Su Bapa works at the integrative medicine center at the Good Samaritan Hospital in Corvallis because he has been curing people of terminal illnesses such as Lou Gherig's Disease in the small, church littered town of Corvallis, Oregon. He has a reputation of working miracles by teaching a technique called cyclic breathing, which he only teaches to students who are in need. He is working with my mother since she has chronic pain in her sacrum. He says she is a good student.
Su Bapa and I talked about how it didn't matter what the medical establishment approved of or not -- it was essential to keep doing good work and no one could stop us from doing it. He asked me how I got into plant medicine. I said it is what I love and there is no real explanation. He talked about the difference between transformation and superficial change. He thinks it is actually sad yoga has become so mainstream. "It is all happening on a superficial level and that doesn't do anyone any good." Or something like that. I am paraphrasing.

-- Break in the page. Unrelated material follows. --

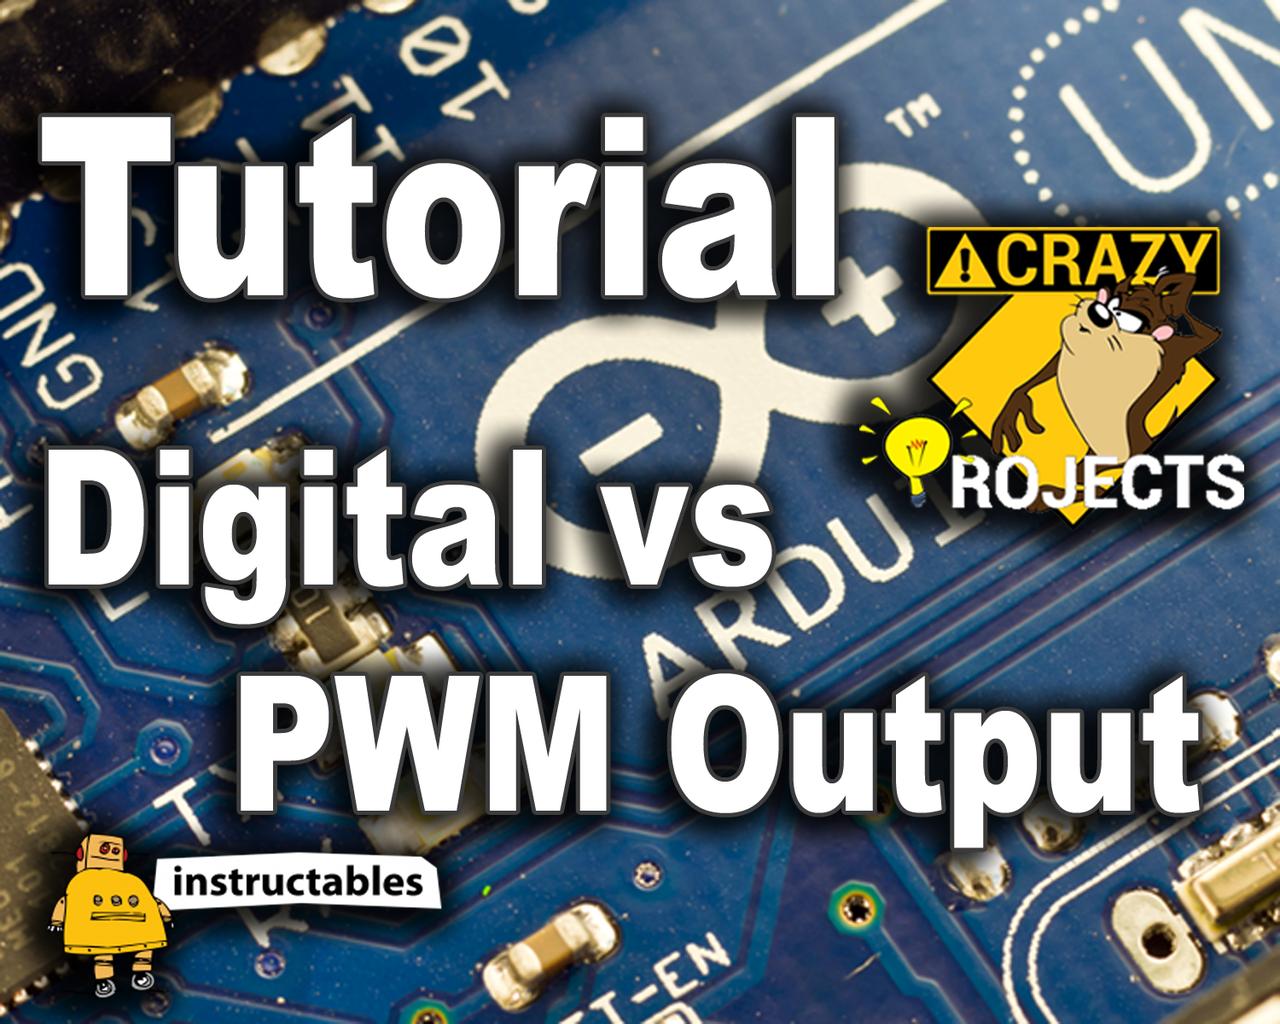 Arduino Tutorial - Digital Vs PWM Output

What is true transformation?
How long does it take?
Why do you do good things?
Why do I do good things?
Is the concept of health a fraud?
Is the idea of perfect health an illusion which keeps us from embracing the present?
Death is not a bad thing.
Death may be the kindest friend to walk with us and finally take us.
Take us home.
Take us to a place where we do not have to pretend to be better than we are, because we are fine all fucked up and confused.
As Lao Tzu said -- "Confusion is the Great Teacher"
Cheers. Off I go to Canada...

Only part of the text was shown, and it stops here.